Bill is on secondment from the University of York, where he was Director of the Centre for Renaissance and Early Modern Studies (CREMS) from its creation in 2005 to 2011. He has held visiting positions at Caltech, Queen Mary (University of London) and Keio University (Tokyo), and fellowships at the Folger, Huntington, New York Public Library, National Maritime Museum and Bard Graduate Center.

Professor John Clark studied Mathematics and then an MSc in Applied Statistics at Oxford. He then joined the security division of the software and systems house Logica in 1987, working as a security and high integrity software evaluation consultant to HMG and then on a security ‘R & D’ think-tank for HMG. He joined the University of York in 1992.

His personal and supervised research work concentrates on aspects of security and software engineering (with a particular interest in applying heuristic computing and other AI to these areas).

Dr Rene Zandbergen is a long-term researcher into the Voynich Manuscript, and, along with Gabriel Landini, one of the developers of the European Voynich Alphabet.

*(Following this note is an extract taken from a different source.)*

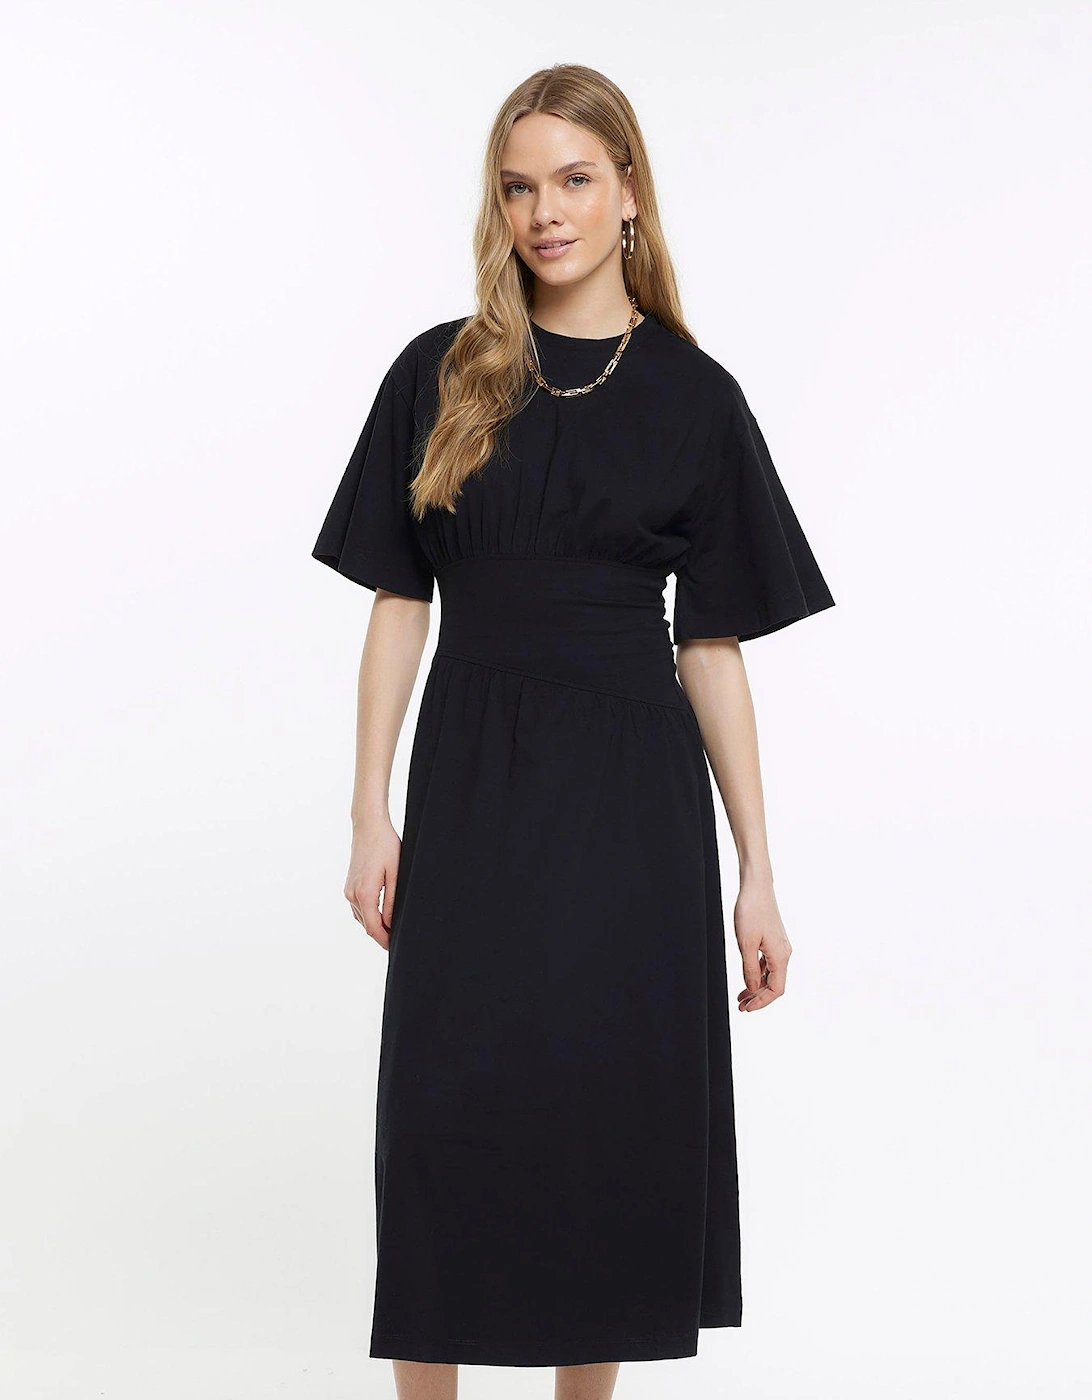 Midi Tee Dress - Black, 3 of 2

Sir John Dermot Turing was educated at Sherborne and King’s College, Cambridge. After completing his DPhil in Genetics at New College, Oxford, Dermot moved into the legal profession working first for HM Treasury Solicitor’s Department and then for Clifford Chance where he has remained (as a partner since 1999.) Dermot is currently based in London in Clifford Chance’s Financial Services and Markets Group and his professional focus is on regulation, insolvency and risk management for financial institutions.

Dermot is the nephew of Alan Turing (1912-1954), who is well known to have been one of Bletchley Park’s leading cryptanalysts as well as a founder of the science of artificial intelligence. Naturally enough, Dermot has followed closely the gradual revelation of the achievements of the Bletchley codebreakers from the first release of materials in 1975 and the re-opening of Bletchley Park to the public in the early 1990s.